Chat GPT & Generative AI tools

Kai · Mon Feb 26, 2024 8:07 am

Anyone know where to order one of these?? : https://www.youtube.com/shorts/Tjss7uFrYmg

Asking for friend cheers

paspuggie48 · Mon Feb 26, 2024 9:00 am

Euler wrote: ↑
Thu Feb 15, 2024 9:17 pm
Just watched a presentation on Sora, it's amazing: -

https://openai.com/sora

I saw a tweet about Sora and have to admit I thought the video it was showing was real people walking down a street in Japan.
I couldn't believe it was AI generated it was so realistic.
Incredible !

sniffer66 · Mon Feb 26, 2024 11:46 am

Just playing around, but GPT4 with Advanced Data Analysis is a bit of a game changer
What would have taken me an age to code was done in minutes

The code snippet you've shared outlines a process for loading a pre-trained neural network model, preparing a dataset, making predictions, and calculating the profit and loss (P&L) of a betting strategy based on those predictions. Here's a breakdown of the key steps in the script and what they accomplish:

Import Libraries: Essential libraries for data manipulation, machine learning model handling, and metrics calculation are imported.

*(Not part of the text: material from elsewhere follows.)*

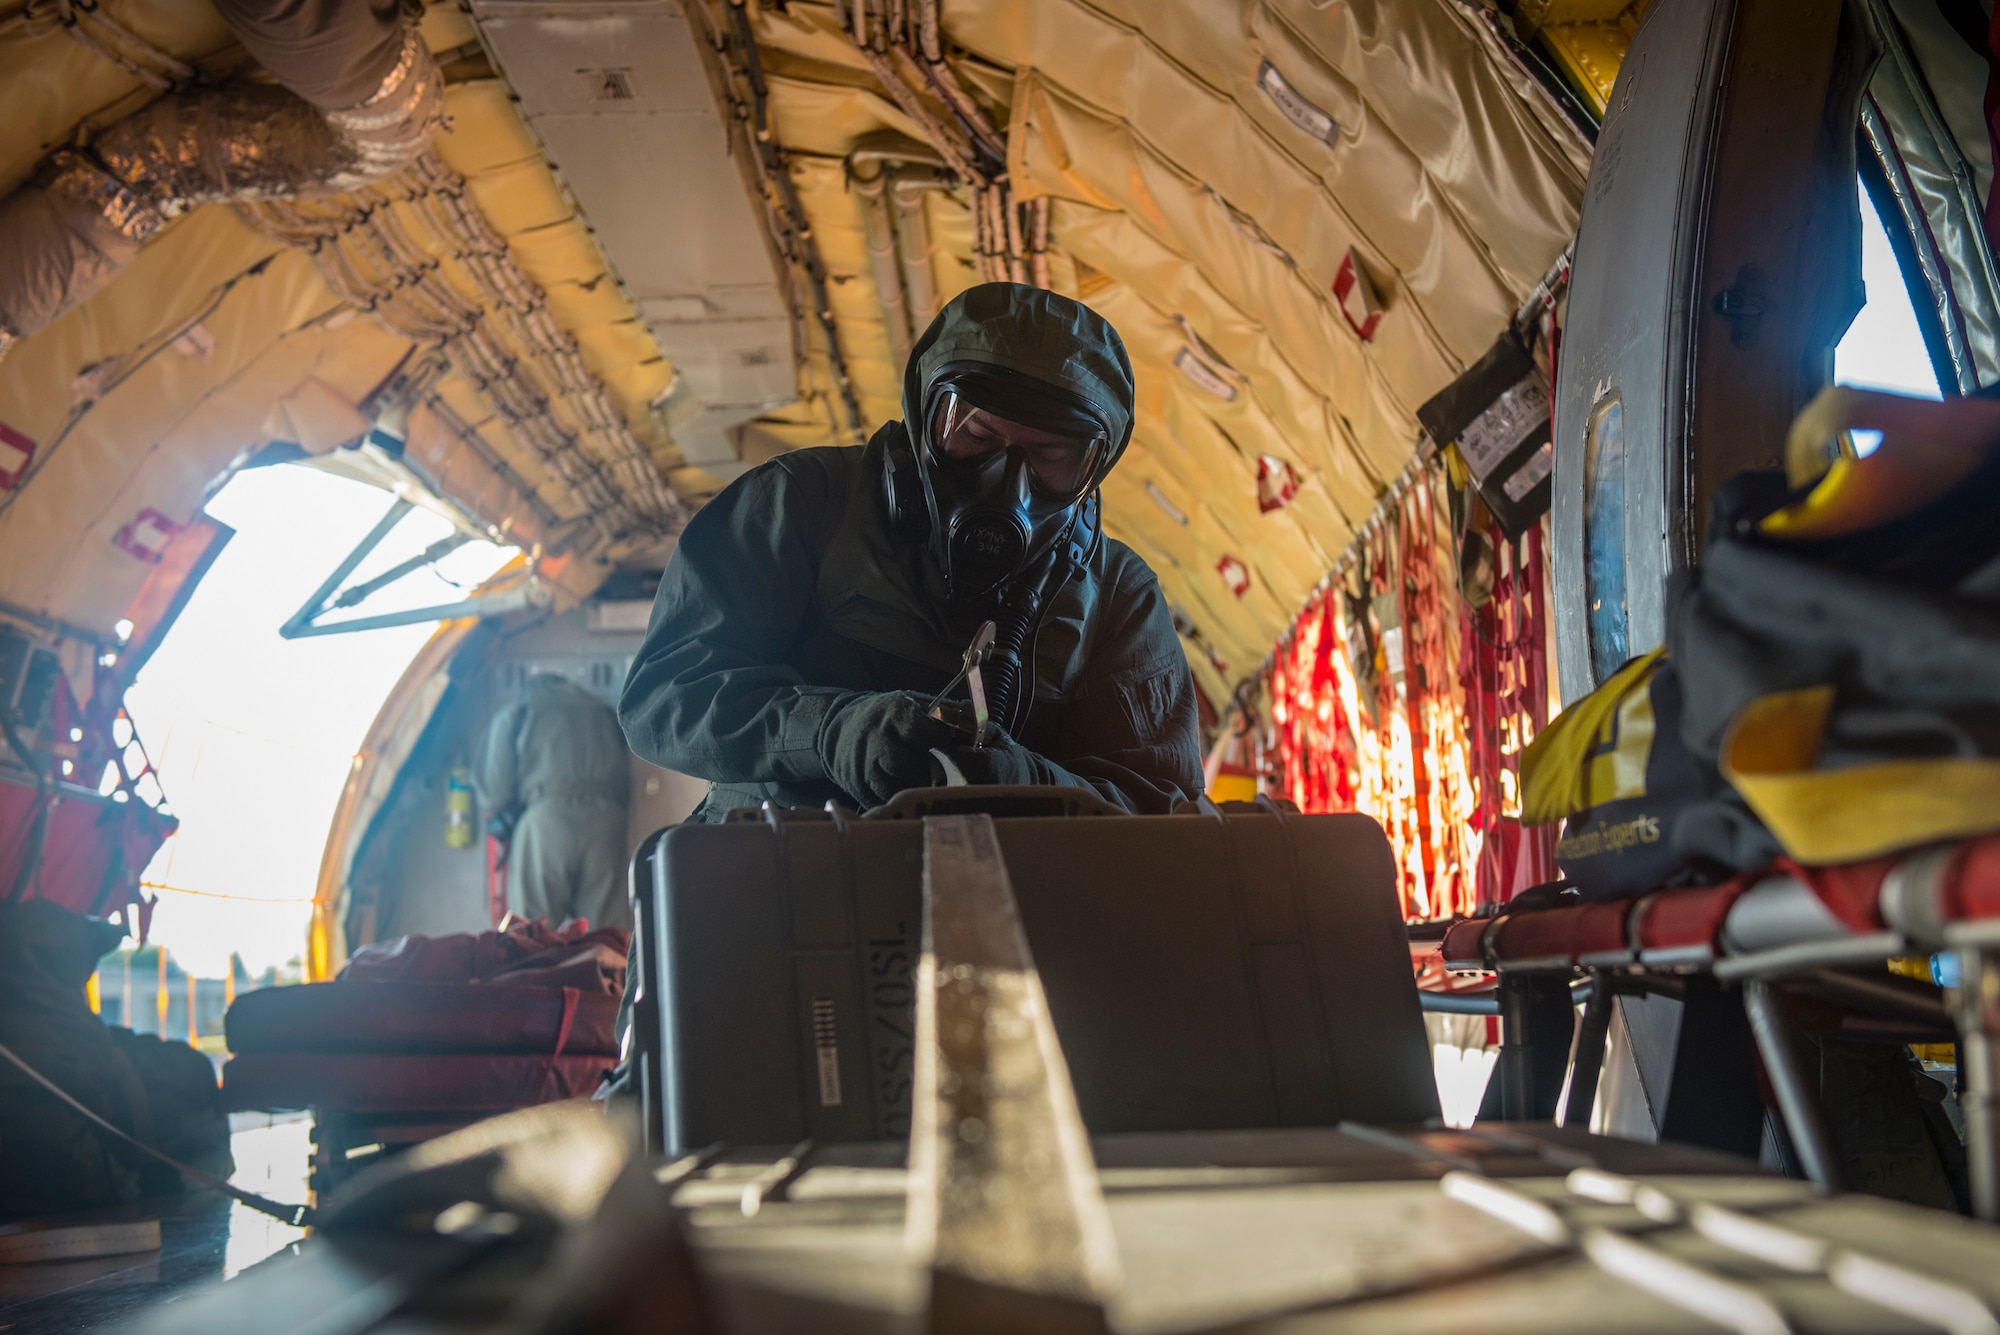 Senior Airman Stetson Vigil, 93rd Air Refueling Squadron boom operator, secures cargo during the first in-field use and test of the new Joint Service Aircrew Mask on a KC-135 Stratotanker at Fairchild Air Force Base, Washington, July 17, 2018. The gear enhances the ability to operate because of the reduced footprint of the gear while still allowing maximum protection. (U.S. Air Force photo/ Airman 1st Class Whitney Laine)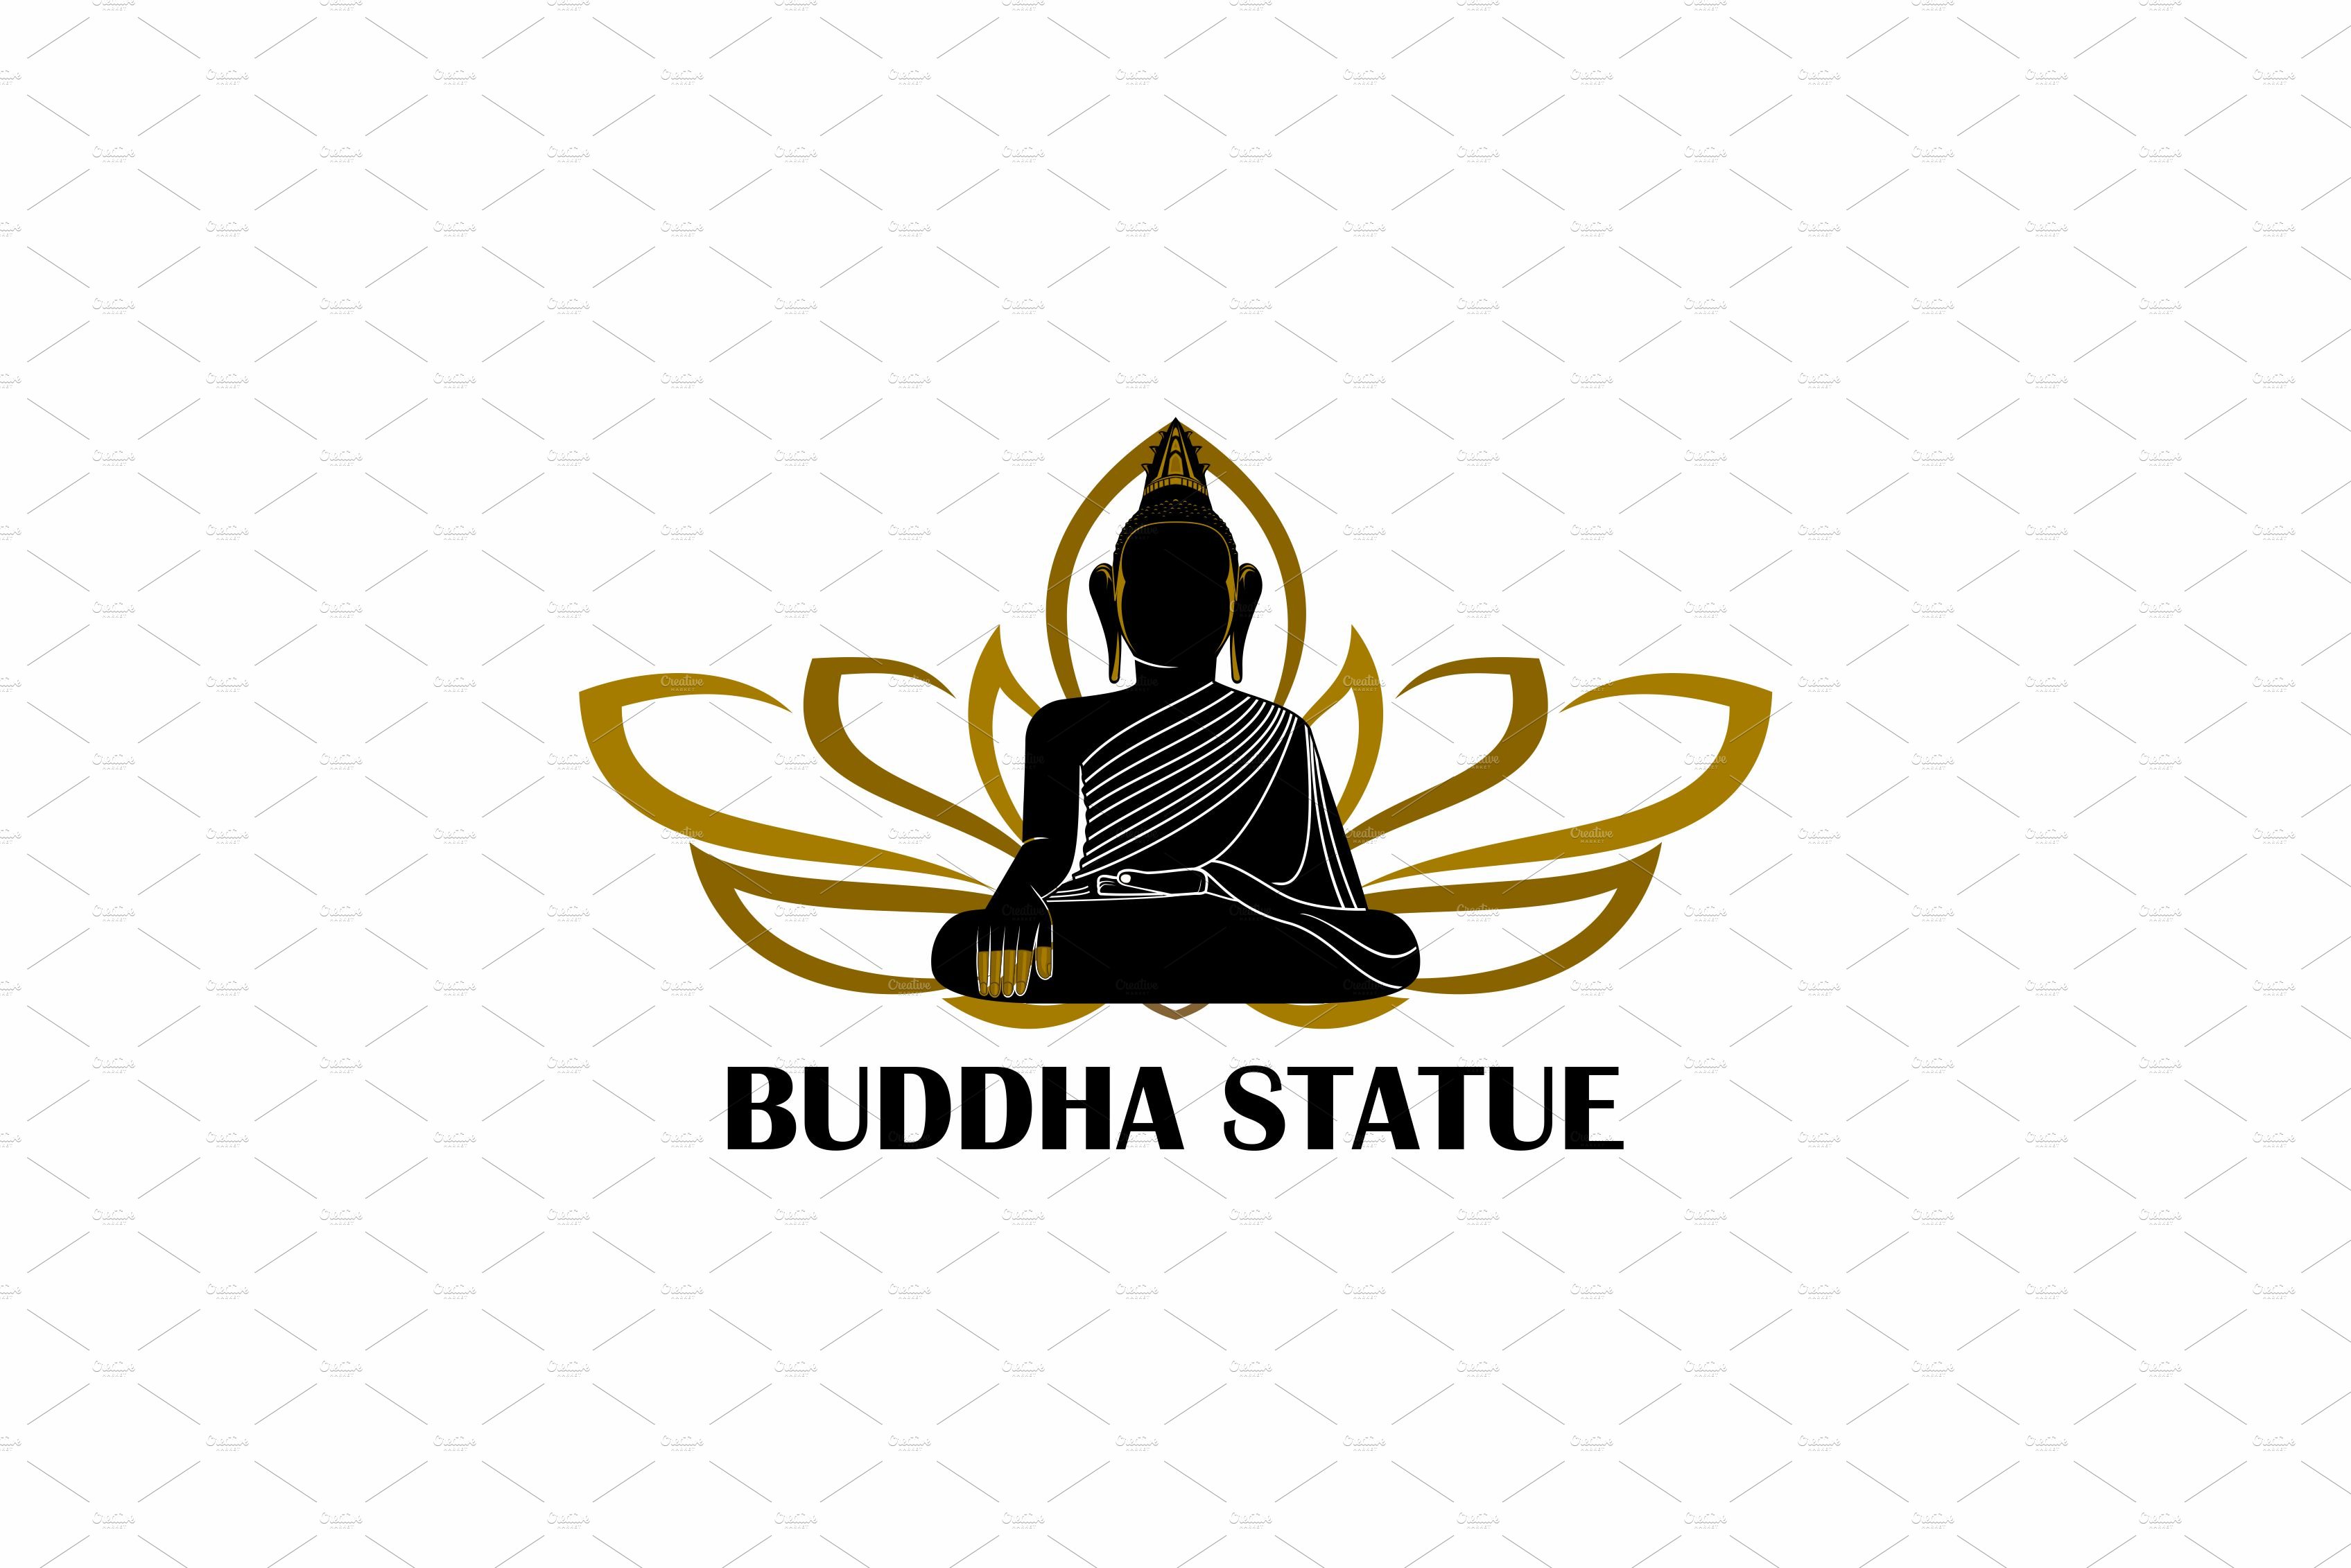 Buddha logo design silhouette sketch Vectors graphic art designs in  editable .ai .eps .svg .cdr format free and easy download unlimit id:6920590

Load the Trained Model: The script loads a previously trained and saved neural network model using joblib.load.

Prepare the Dataset:

The dataset is loaded into a pandas DataFrame.
Rows with missing values are removed to ensure data quality.
The 'Date of Race' column is converted to datetime format, and along with the 'Time' column, a unique 'Race ID' is created for each race.
The 'Betfair SP' column is converted to numeric, with non-numeric values coerced into NaN and subsequently dropped.
Categorical variables are encoded using Label Encoding to transform them into a format suitable for machine learning models.
The dataset is split into features (X) and the target variable (y), with the target variable being binary (1 for a win, 0 otherwise).
Feature Scaling: The features are scaled using StandardScaler to normalize the data, a crucial step before feeding it into many machine learning algorithms, including neural networks.

Make Predictions:

The scaled features are used to make predictions with the loaded model.
The model's accuracy and a classification report are printed, providing insight into the model's performance on the dataset.
Calculate P&L:

The script calculates the total profit and loss of a betting strategy where a bet is placed on the horse with the highest predicted probability of winning in each race, provided its Betfair Starting Price (BSP) is greater than 2.0.
The script iterates through each race, selecting the horse with the highest predicted probability of winning if its BSP is above the threshold, and calculates the P&L based on the outcome.
Print Results: Finally, the total P&L and the number of horses backed according to the strategy are printed, giving an overview of the strategy's financial outcome.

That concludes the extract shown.